Iris like lots of sun. Give them half a day, at least, or more for increased bloom and better health. Good drainage is essential, too, so plant in sandy to average soil. Avoid or improve heavy (clay) soil or plant on a slope or in raised beds.

Space 10-18 inches apart. Iris grow/expand outward from the leaf end of the rhizome (bulb), so keep this in mind when arranging and planting them.

Don’t plant too deep! Leave the top of the rhizome exposed. Dig a hole, mound soil in the center, set plant on top, and spread roots down the sides of the mound. Fill in and firm soil, making sure that the top of the rhizome remains exposed (or barely covered in extremely hot climates). Water well.

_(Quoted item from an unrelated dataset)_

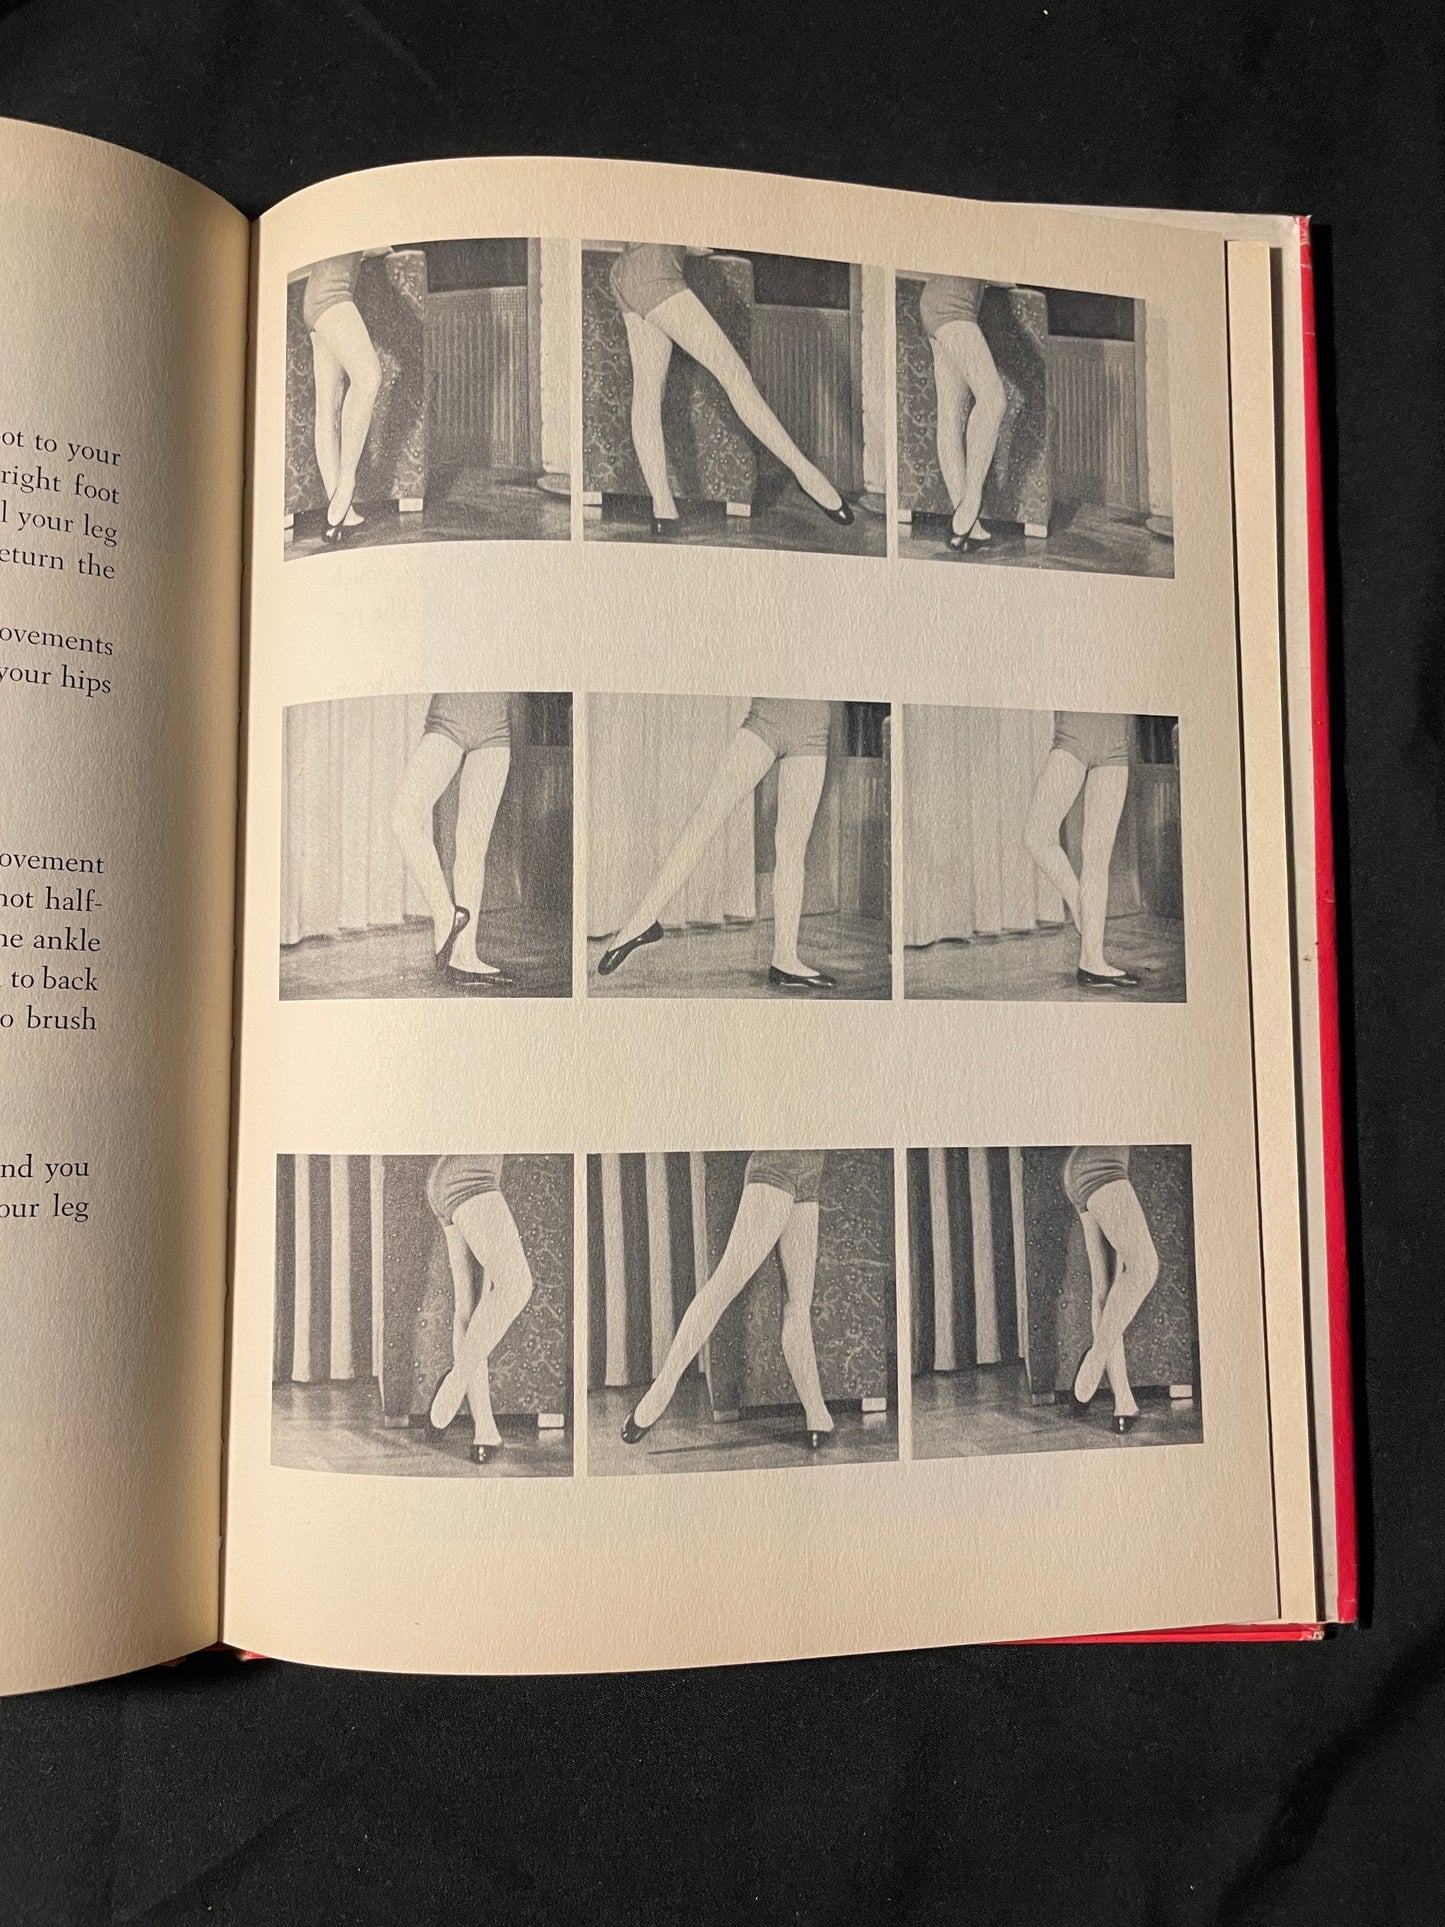 Fun with Ballet: A Beginner's Book for Future Ballerinas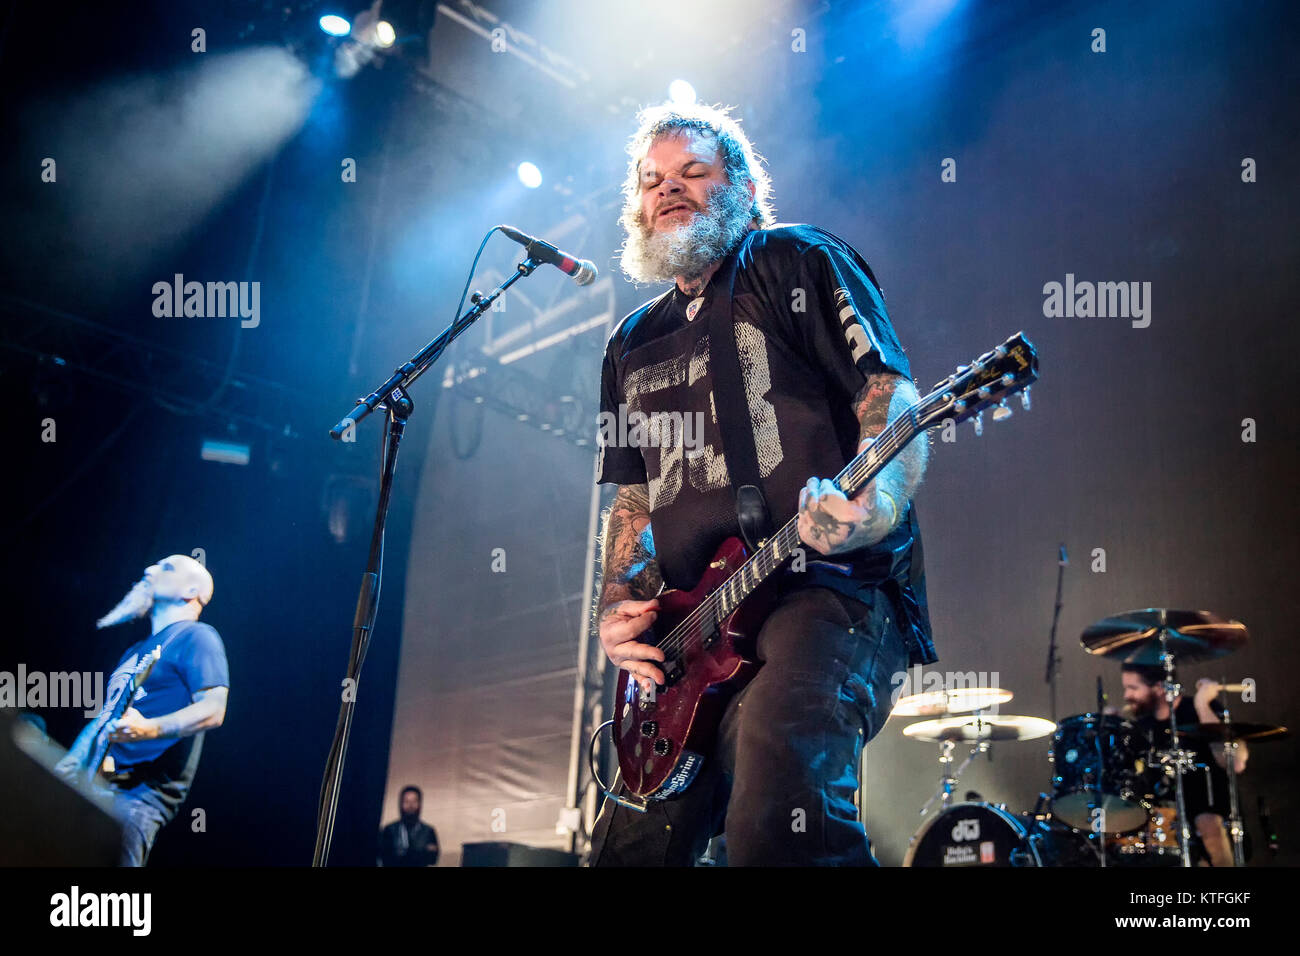 Die amerikanische nu-metal band Neurose führt ein Live Konzert in der norwegischen Musik Festival Øyafestivalen 2016 in Oslo. Hier Sänger und Gitarrist Scott Kelly ist sene live auf der Bühne. Norwegen, 13/08 2016. Stockfoto

Though iris are drought-tolerant and will rot in soil that’s too wet, they’ll need regular moisture the first few months after planting as they reestablish themselves. So water them, but not too much. Let your green thumb be your guide.

After flowering, cut bloom-stalks to the ground. Weed carefully to avoid damaging shallow feeder-roots. For best bloom and health, trim or remove dead or disfigured leaves (but not healthy green ones!), especially in late fall and early spring, so air can circulate freely and sunshine can warm the rhizomes.

After a few years of vigorous growth, your iris may get so crowded that their bloom and health begin to suffer. To thin or divide them, wait 4-8 weeks after bloom and then either open up the clump by removing the oldest rhizomes from the center, or dig it all, replant the best new rhizomes, and give away or destroy (don’t compost) the others.

Iris have relatively few pests or diseases that trouble them. You can get helpful advice on the most common ones — iris borer (which is a problem east of the Rockies only), leaf spot, and root rot — at the excellent Iris Garden website sponsored by the iris societies of New England.